Let $U$ and $V$ be Banach spaces, let $A⊆U$ be a subspace, and let $f:A⊆U→V$ be an injective linear map with closed graph. Show that the inverse map $f^{-1} : B \to U$ is continuous if and only if $B = f(A)$ is closed in $V$.
For the forward implication, I basically did what was outlined here Closed Graph of a function and the continuous inverse implies the image is closed.
For the other direction, I need to show that if $B$ is closed in $V$, then whenever $b_i \to b \in B$, we have that $f^{-1}(b_i) \to f^{-1}(b)$. I don't really know how to begin.. as continuity requires $b_i \to b \in B$ to begin with, I don't see how to use the fact that $B$ is closed.
Let me denote the linear map by $T$ :)
Define the following norm on $A$ (graph norm of $T$): $$ \|x\|_A:= \|x\|_X + \|Tx\|_Y. $$ Then $(A,\|\cdot\|_A)$ is a Banach space.

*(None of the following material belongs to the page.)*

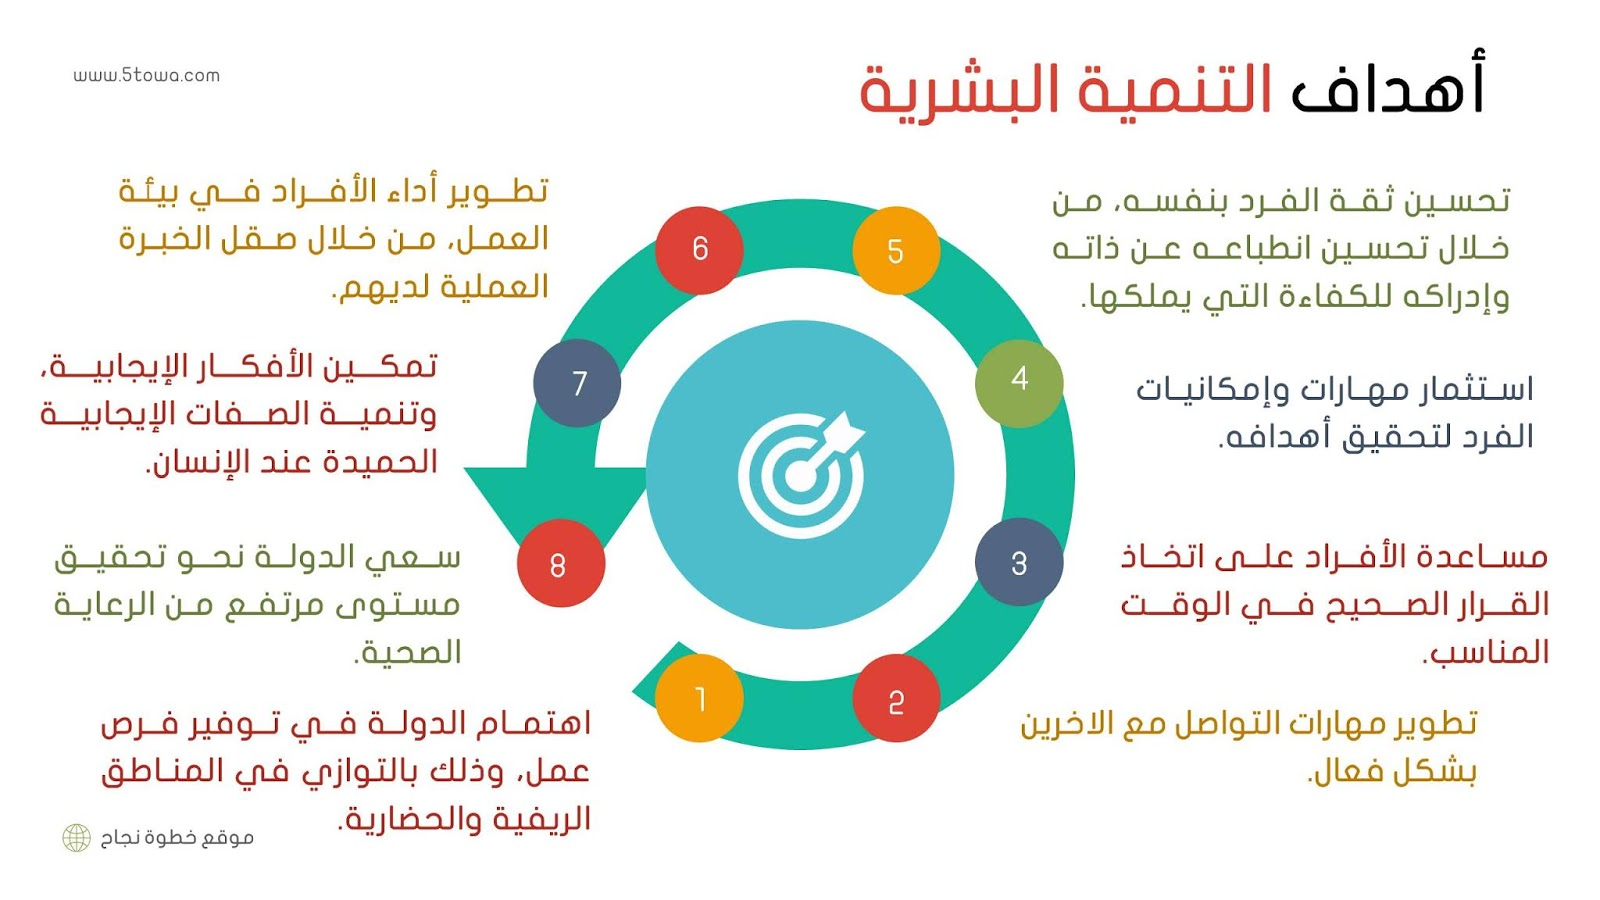 صورة عن أهداف التنمية البشرية - ما هي التنمية البشرية وأهدافها وأهميتها وما أهميتها في مجال التعليم
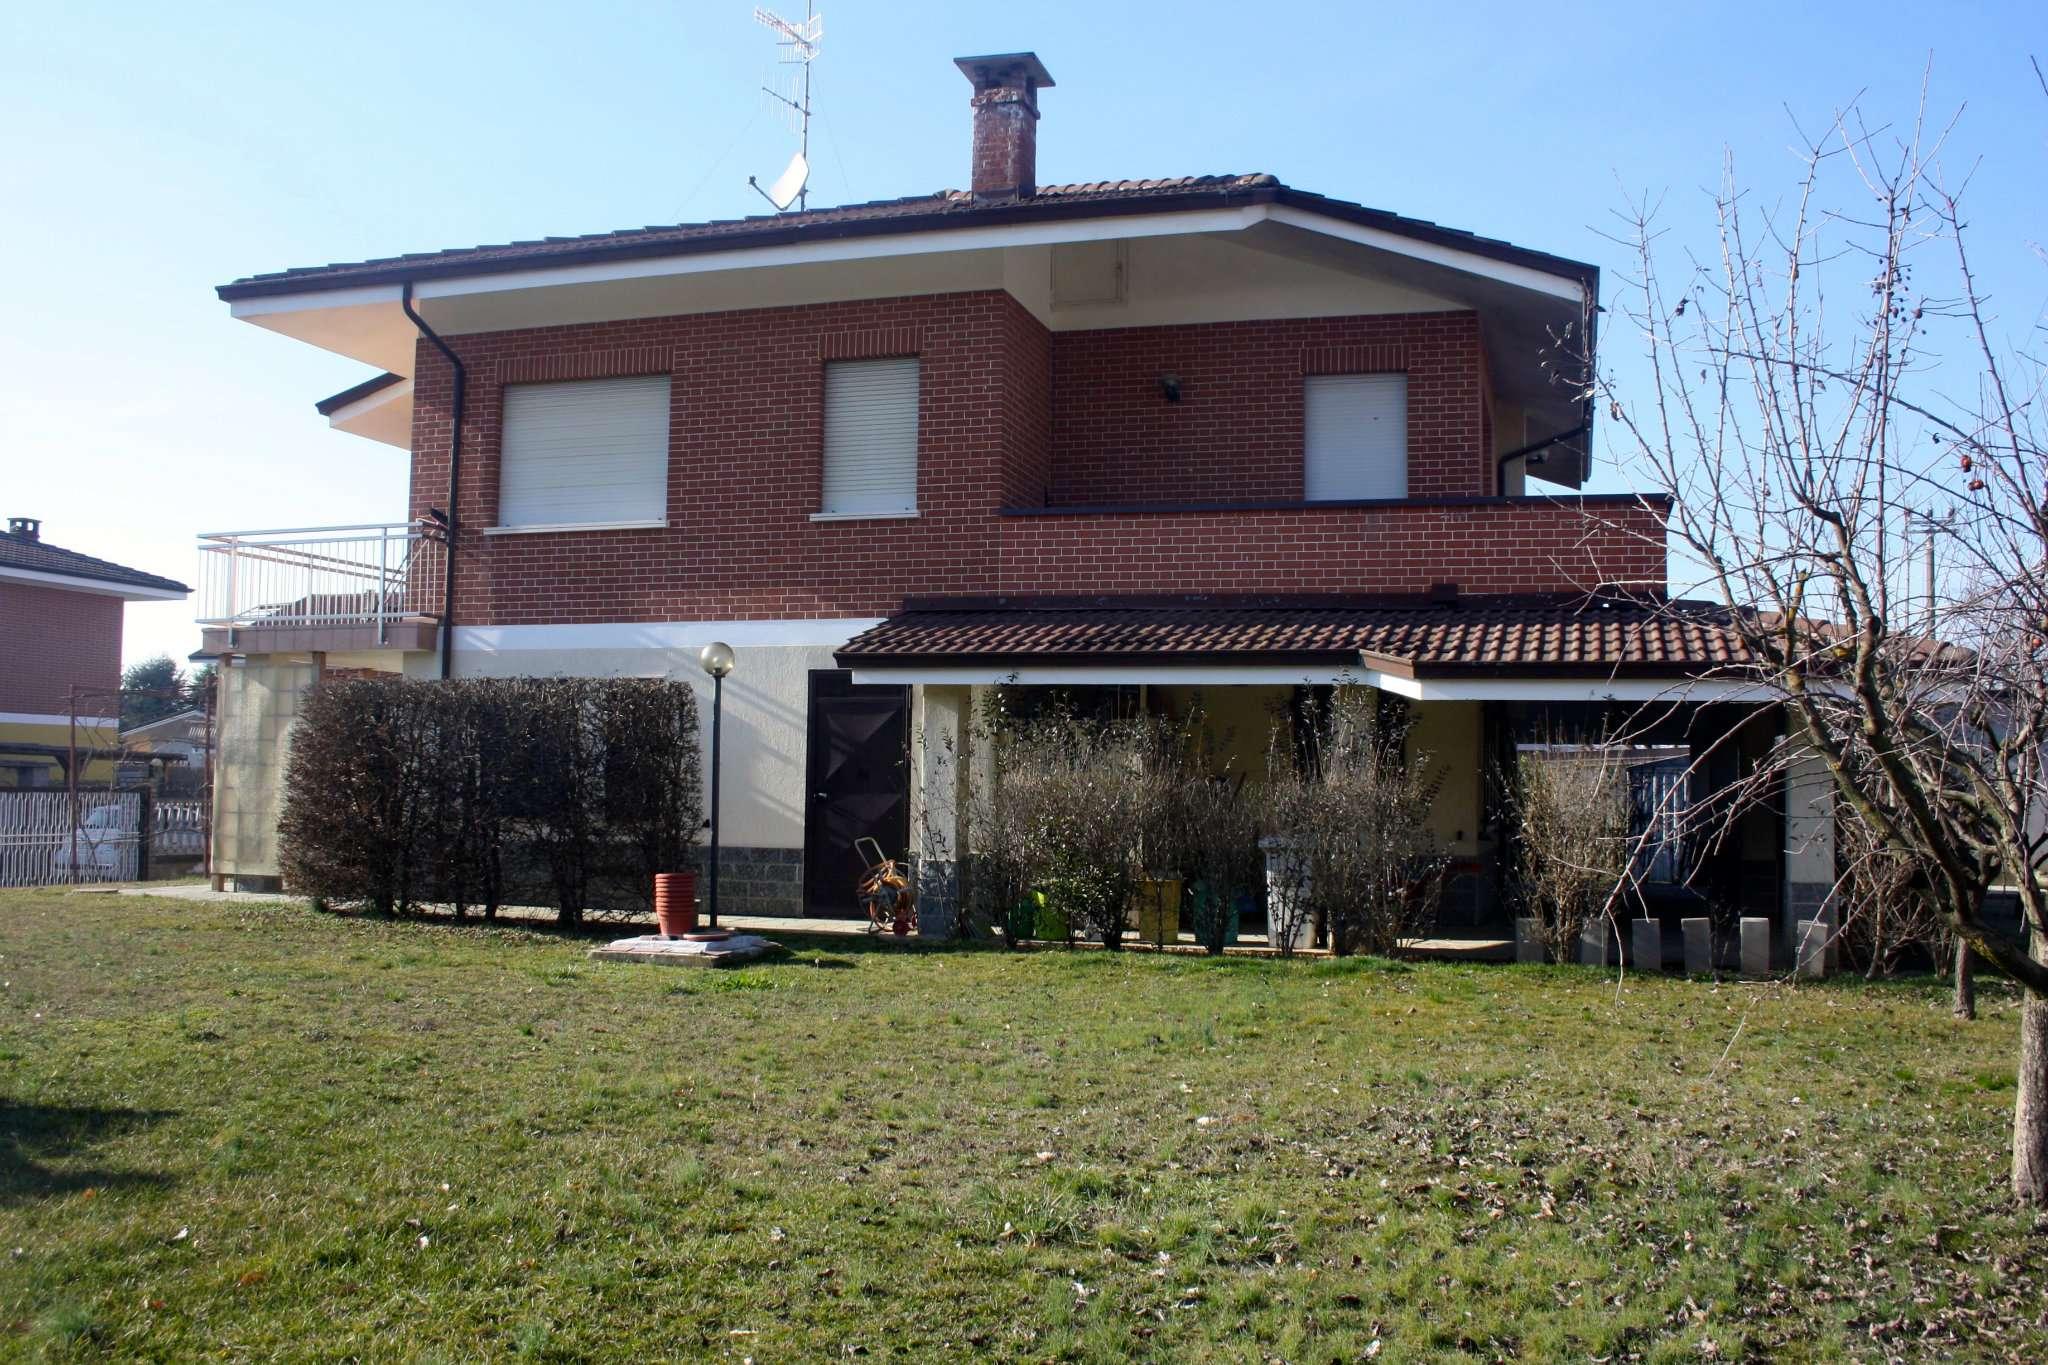 Villa in vendita a Bra, 5 locali, prezzo € 298.000 | CambioCasa.it

Moreover, $T: A\to T(A)$ is bijective, $(A,\|\cdot\|_A)$ and $(T(A),\|\cdot \|_Y)$ are Banach spaces, so $T^{-1}$ is continuous and bounded. Then there is a constant $c>0$ such that $$ \|y\|_Y \ge \|T^{-1}y\|_A = \|T^{-1}y\|_X + \|y\|_Y $$ for all $y\in T(A)$. This implies that $T^{-1}$ continuous from $T(A)$ to $(A,\|\cdot\|_X)$.